If this country cared about its children, we’d have taxpayer funded childcare.

Photo by Rafaela Biazi on Unsplash

We hear about college tuition loan forgiveness all the time on the campaign trail. But another issue that is, or should be, equally important to young people, is child-care. I’m well past the child-rearing stage of my life, but since child-care now costs more than college tuition in 28 states, it’s obvious to me that this is an economic issue that will affect all of us one way or the other. It’s also a social issue, since most people can’t afford the quality care that kids in most other first-world country get. It’s a national moral problem when a first-world country can’t be bothered to invest in the well-being of its most vulnerable members.

I paid for expensive day-care at a licensed daycare center for my daughter out of my own pocket and don’t regret a penny of it; from what I remember it was more than $600.00 per month when she was in infant, 22 years ago. It was nice to know there was a guaranteed number of staff per child, they were always open, and the center was held to high standards. I’m grateful that I had the money to do it. A lot of people aren’t so lucky however, especially now, as regular workers have less and less disposable income. In fact, the average cost of daycare is now between $9000 and $9600 per year. The average percentage of income spent on childcare in the US is 25.6 for couples and 52.7 for single parents. Imagine trying to afford a place to live and all your other living expenses on top of that!

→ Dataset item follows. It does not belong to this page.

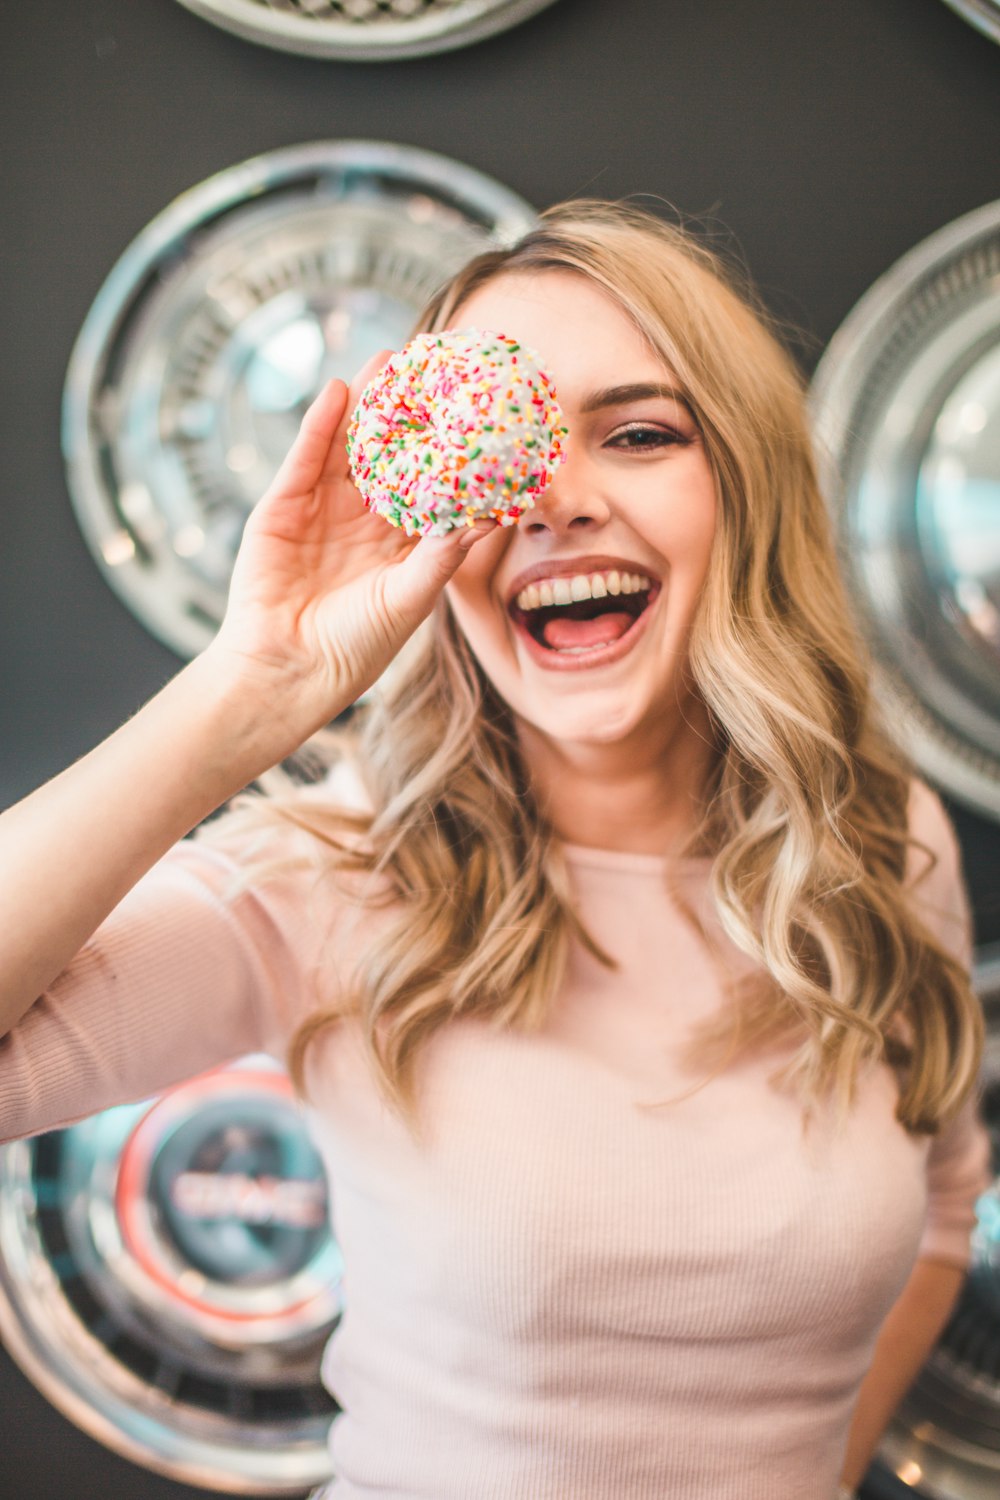 도넛을 들고 있는 여자의 얕은 초점 사진

Why aren’t candidates for office at all levels, state, local, and national. talking more about this? Forget for a minute the fact that quality care helps a child prepare for school and studies show that children who went to preschool perform better; let’s talk about all the children who get left with a woman’s unemployed boyfriend because she can’t afford daycare. Or the kids who get left with the neighbor lady who will watch them for $20.00 per day while she does her housework at best or drinks and does drugs at worst.

At first glance it might sound like an exaggeration, but it’s reality. Does anyone really think a single parent making $15.00 per hour can afford to send her child or children to a quality daycare center, considering the prices quoted in that earlier paragraph? No. Those kids are either staying home with the unemployed boyfriend, being babysat by the distracted neighbor for the wage the parent can afford, or staying with grandparents who shouldn’t have to shoulder the 50-hour-per-week burden at this stage of their lives. No other first world country forces its citizens to live like that.

Lack of affordable childcare causes trauma for children, even if their caregivers are good people. Yes, the US still has the Head Start program; free preschool for low-income people, but what do you do if you can’t afford someone to come pick up your child afterwards? Preschool doesn’t last as long as the working day. Single parent Stephanie Land had to get creative to find childcare for her daughter, while she took classes and worked several part-time jobs to equal fulltime hours. She cleaned at a preschool in place of tuition (a lucky break that most people don’t get) and a roommate who watched her daughter for a rent reduction. After preschool, her daughter would go home with different friends depending on the day. Imagine having to keep track of that kind of a schedule. And inevitably, with that kind of variation, there will be a time when something won’t go as planned. This complicated mess of a daycare schedule isn’t good for parent or child. It causes stress for the parent, which in turn can transfer anxiety to the child, as well as cause the child to become prematurely independent.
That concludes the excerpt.